Человек и мир вокруг
О чём говорят обезьяны?
Мы уделили много внимания первому вопросу о разделении на два пола, потому что я посчитал, что для молодежи это, пожалуй, наиболее важный вопрос, он имеет много сложных практических аспектов. Оставшихся тем коснемся вскользь.
По мысли святого Максима Исповедника, человек должен был превратить весь мир в один большой райский сад. Вот еще одно важное противопоставление — человек и мир природы. Кто мы друг другу? Стоит ли человек особняком по отношению к другим обитателям земли, или между нами и животными гораздо больше общего, чем мы привыкли думать? Вы спросите, как это связано с темой любви? Все просто: если животные, растения и все прочее на земле — это лишь вещи, умеющие ходить, мурлыкать, распускаться красивыми цветами, но все же вещи, то тогда их не нужно любить, ими можно пользоваться. В таком случае мы не «твари дрожащие, мы право имеем». Но если у всего этого есть душа и чувства, тогда окружающий мир достоин нашей любви.
Конечно, поначалу люди не считали себя какими-то особенными, наоборот, человек ощущал свою глубокую родственную связь с окружающим миром, отдельные животные и растения почитались как тотемические предки человека. Более того, на раннем этапе истории наблюдается религиозное поклонение животным, их буквально нечеловеческой силе.
Но вот наступает так называемое «осевое время» (VIII–II вв. до Р. X.), на земле нарождается философия. Физическая сила, в которой человек явно уступает многим животным, перестает почитаться, в цене резко поднимается разум. Все, что ассоциируется с животным миром, начинает восприниматься как нечто грубое и низменное. Потом еще проходят века, и среди ученых все больше становится тех, кто верит, что человек не какое-то «особое творение Божие», а всего лишь потомок обезьян.
Впрочем, любая гипотеза должна подкрепляться экспериментально. И вот в начале XX века возникла идея научить обезьян человеческой речи. С точки зрения эволюционистов, затея вполне разумная — немного подтянуть предпоследнюю ступень эволюции к последней. Однако эти попытки потерпели неудачу, речевой аппарат обезьян оказался не приспособленным к членораздельной речи. Но ученые не сдавались, и в 60-е американским антропологам Аллену и Беатрис Гарднер пришла в голову потрясающая мысль — научить обезьян языку жестов (в дальнейшем подобные эксперименты проходили в разных странах мира). И вот здесь ученых ждал настоящий успех — обезьяны осваивали человеческую речь!

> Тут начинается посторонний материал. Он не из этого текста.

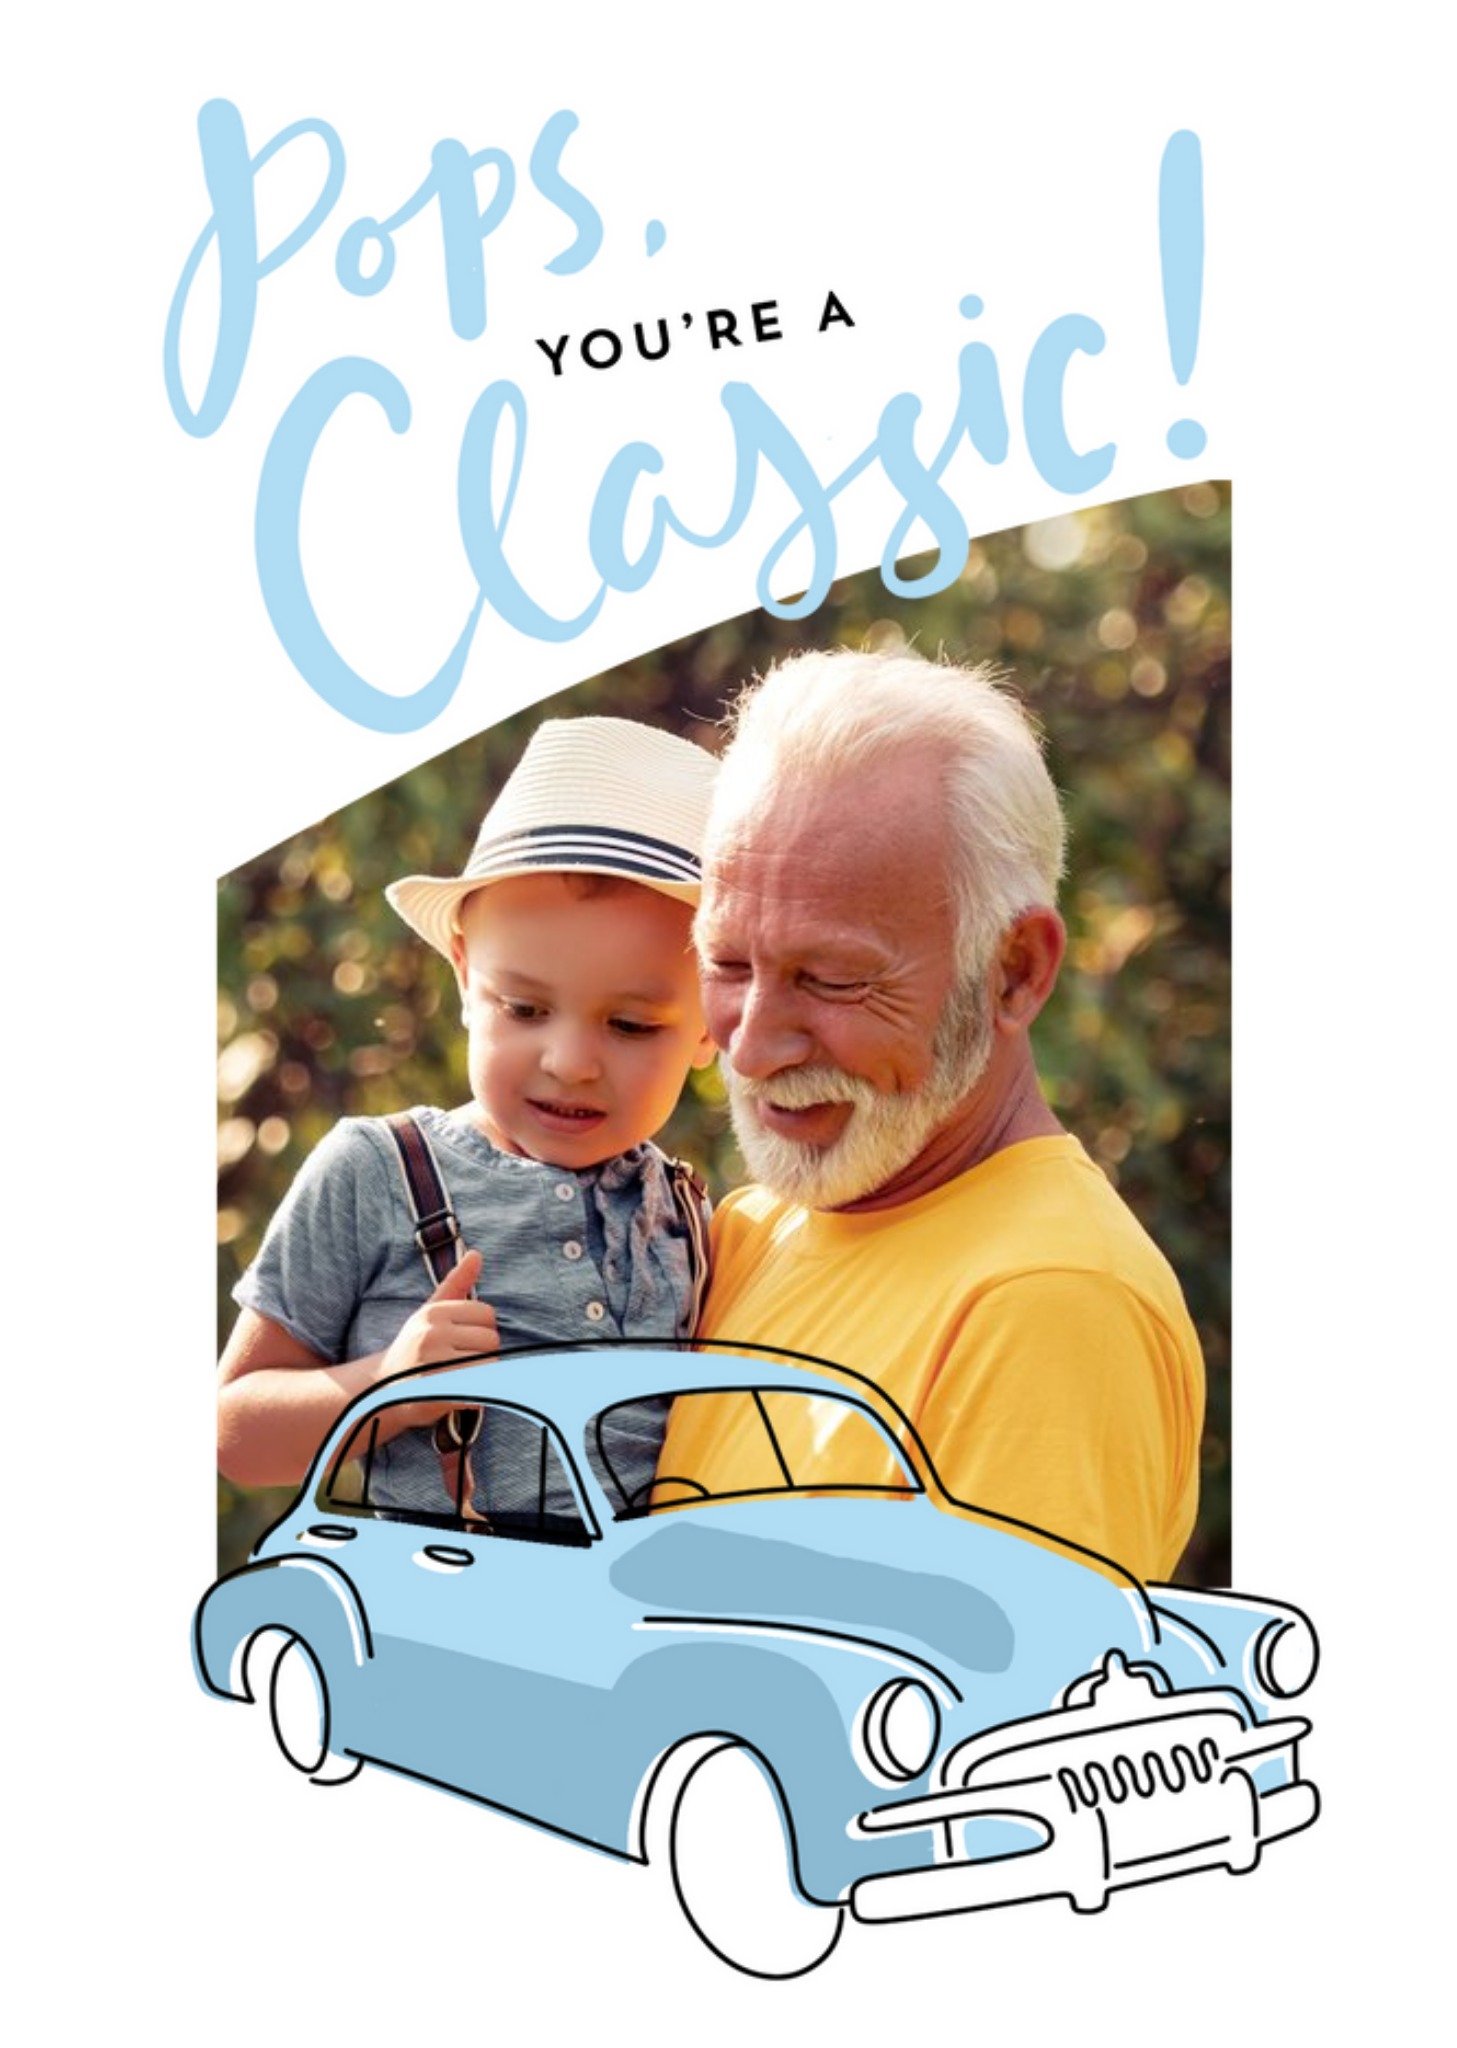 Moonpig Simple Life Illustrated Vintage Car Photo Upload Pops, You're A Classic Card Ecard

Первой такой обезьяной стала шимпанзе Уошо, за свою жизнь она усвоила около 350 слов, а с таким словарным запасом вполне уже можно общаться, что, собственно, и наблюдалось. В тех случаях, когда в эксперименте участвовала группа обезьян, ученые с удивлением наблюдали, что они общаются между собой на языке жестов и сами обучают этому языку своих детей.
Но и это еще не все. Некоторые обезьяны показывали результаты, которых ученые от них никак не ожидали, — они придумывали новые слова, то есть обнаружили способность к творчеству. Например, та же Уошо сама придумала жест, обозначающий слово «прятать», а шимпанзе Люси придумала несколько слов, комбинируя уже известные ей слова. Так, для обозначения арбуза она соединила вместе два слова: «пить» и «фрукт» (получилось «пить-фрукт»), а цитрусовые она стала называть «запах-фрукт».
Самым же удивительным было то, что в некоторых случаях обезьяны демонстрировали способность к абстрактному мышлению, а эта способность появляется у человека лишь к подростковому возрасту. Все та же Уошо однажды обиделась на смотрителя, она просила у него воды, но смотритель не стал исполнять просьбу обезьяны (ох уж этот человеческий снобизм!). Тогда Уошо назвала его «Грязный Джек». Что тут удивительного? А то, что прежде обезьяна знала лишь буквальное значение этого слова — «испачканный», но она каким-то образом поняла (?!), что этим словом можно обидеть человека. Что она и сделала.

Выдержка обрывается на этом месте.